Reliability was found to be low due to the variation in clinical information gathered for specific patients, and the criteria used by individual clinicians. To tackle this, the DSM makers set out to do two things: limit the criteria at clinicians' disposal, and restrict the information employed to judge those criteria by creating standard questionnaires. This is of course working backwards. One might expect that a disease or disorder is first thoroughly investigated and only afterwards a method is devised for identifying it, not that the existence of the disorder is decided upon only after the criteria have been set. Furthermore, to achieve this aim, clinicians have to be discouraged from allowing the patient to lead the discussion or establishing a rapport with him.

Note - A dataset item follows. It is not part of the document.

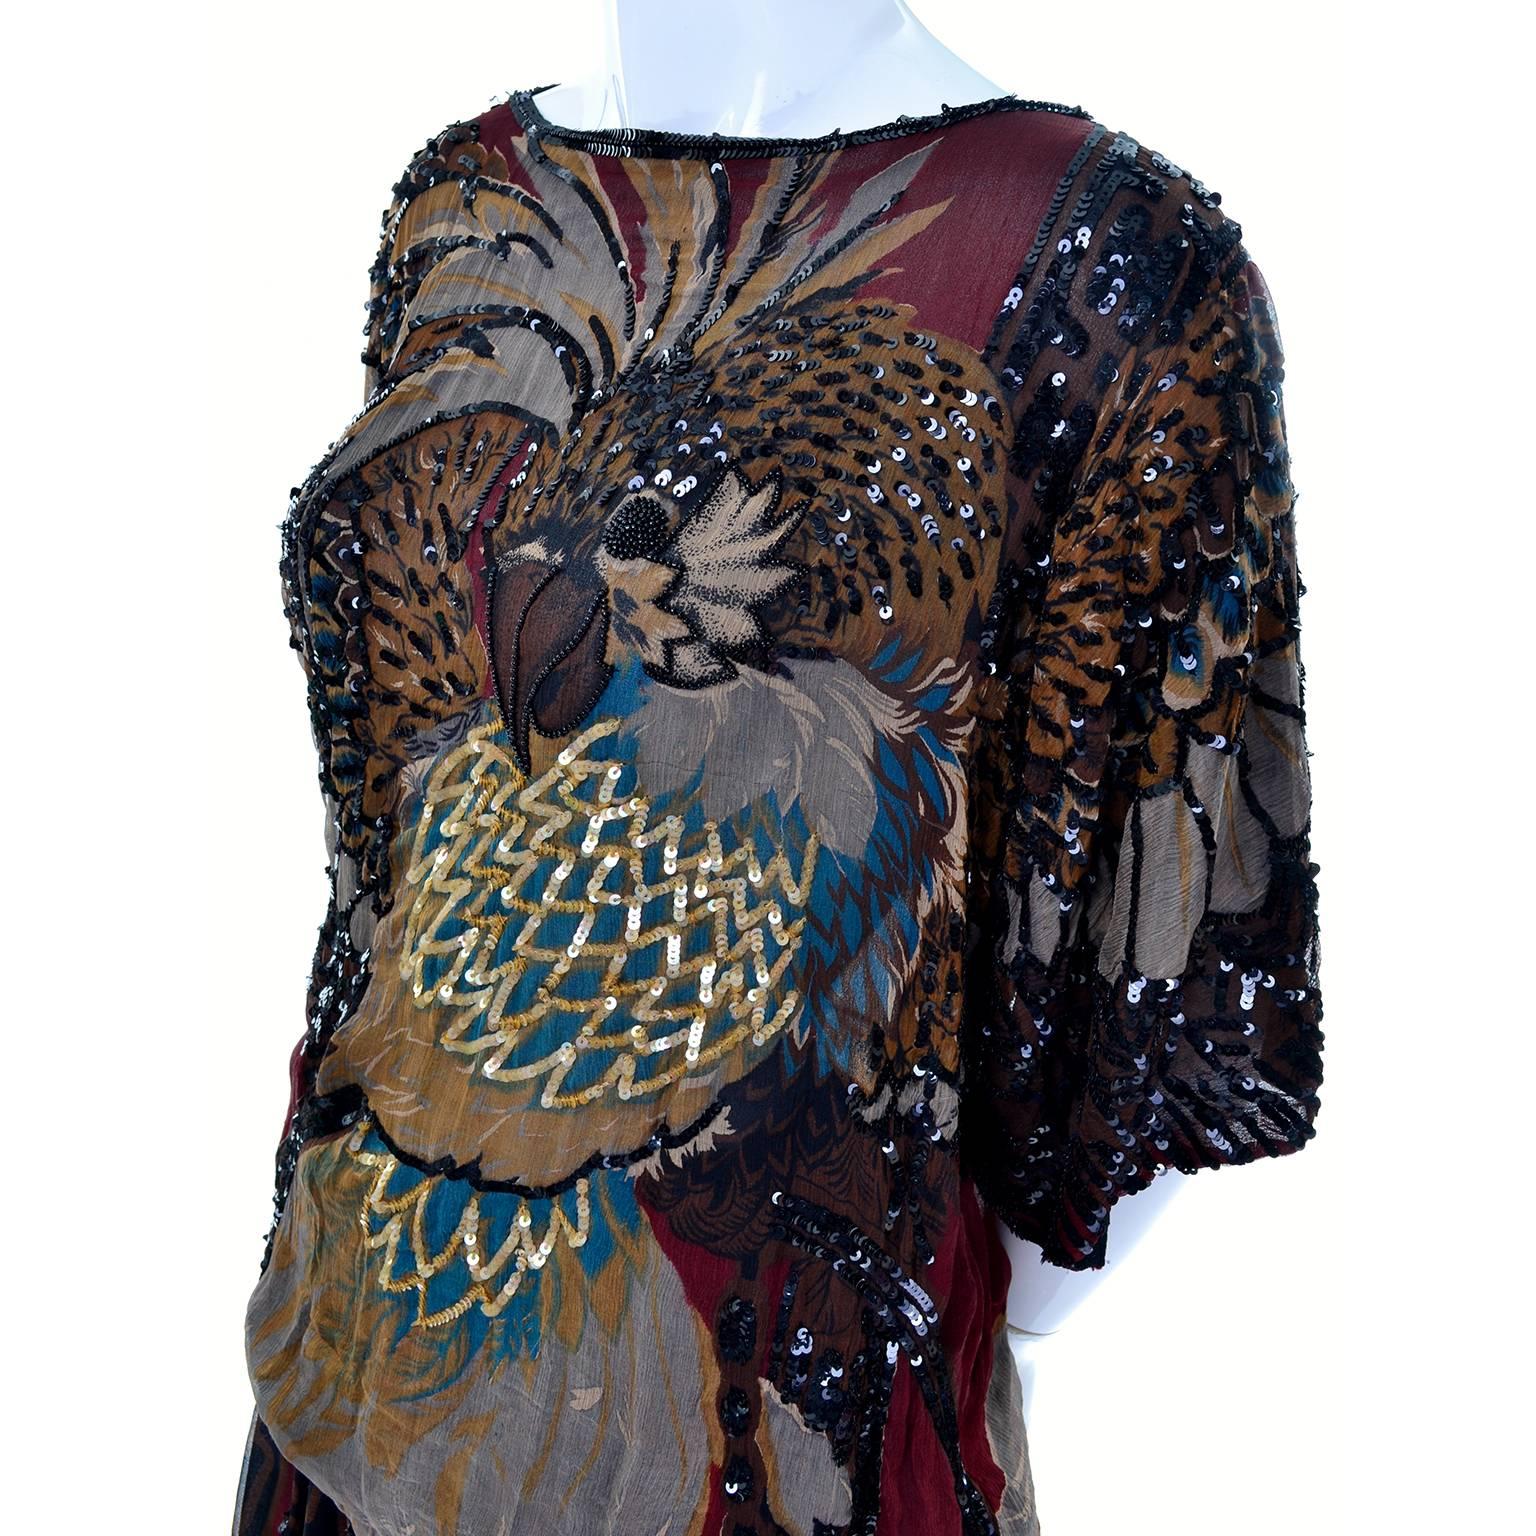 This is an exquisite silk 2 piece ensemble from Adolfo with a gorgeous top with beads and sequins with the images of an eagle and feathers on both the front and the back.  This ensemble is a perfect example of how to mix patterns properly, with the

Nonetheless, reliability remains an illusion, supported neither by the data provided by the DSM makers themselves nor by outside researchers. The research was marked by a low number of participants and various procedural techniques ensuring that only outcomes favorable to the aim would be reported. Kirk & Kutchins put it this way:

The developers of the DSM-III repeatedly asserted that careful, systematic field trials established the improved scientific reliability of DSM-III. However, important information about the methods and findings of the field trials was never reported. Some of the reports were inconsistent and unclear. The field trials themselves could more accurately be described as uncontrolled, nonrandom surveys in which several hundred self-selected and unsupervised pairs of clinicians throughout the country attempted to diagnose nonrandomly selected patients and, after some sharing of information, made "independent" assessments of these patients.

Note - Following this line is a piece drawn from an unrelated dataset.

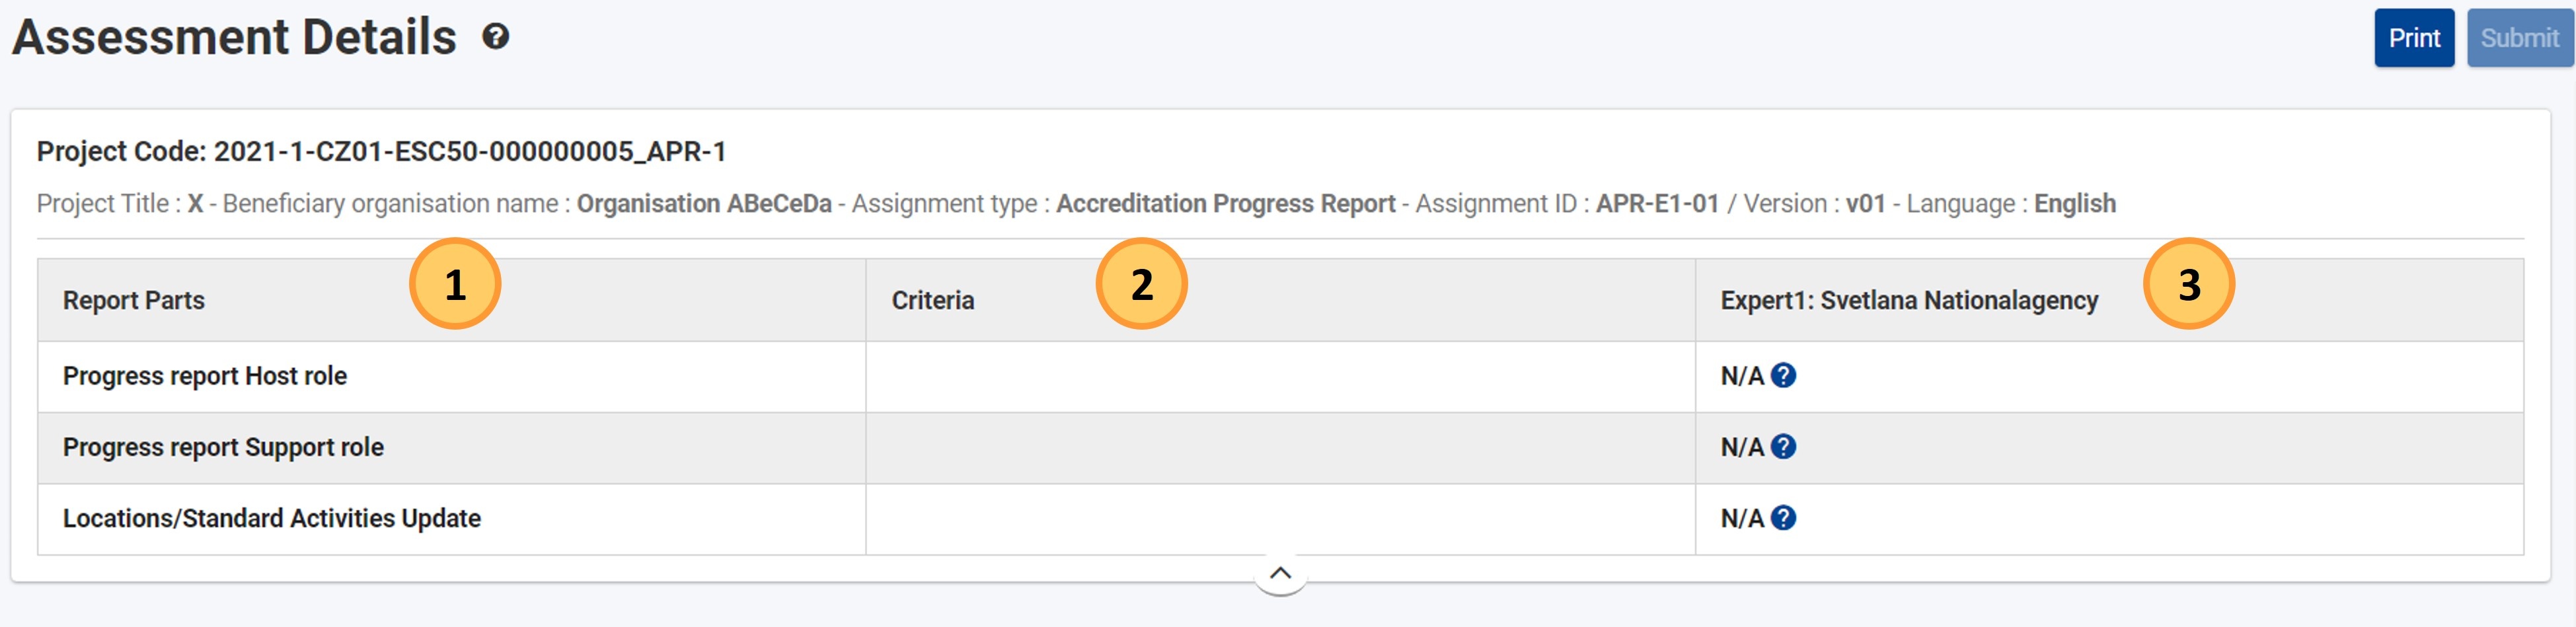 Example of the expanded header for ESC50 Accreditation Progress Report assessment, with multiple report parts not score based

The triumphant mood around the reliability of the DSM-III was, according to Kirk & Kutchins, structured rhetorically much like a political campaign.

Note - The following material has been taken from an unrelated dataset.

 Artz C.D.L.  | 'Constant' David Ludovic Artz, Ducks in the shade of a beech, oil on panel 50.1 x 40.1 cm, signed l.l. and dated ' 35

Politics, indeed, very much entered into the matter, as gay activists staged protests at APA conventions to have homosexuality removed from the DSM, and feminists demonstrated to prevent diagnoses specific and disparaging to women from being included. The authors fail to comment that gays and feminists seemed quite content to leave all the other diagnoses unquestioned.

So what has psychiatry gained from the revisions in the DSM, besides a false air of science and the accompanying respectability? It has gained regulation of the client flow (meaning that psychiatrists control who they take on); the power to attain certain services or protections for their clients; acquisition of fiscal resources (otherwise known as tax money) and reimbursement from insurance companies; rationalization of decision-making; and the fulfillment of a political agenda. That magic word reliability, which supposedly was what the DSM-III was all about, dropped out of the APA's vocabulary at the very next revision.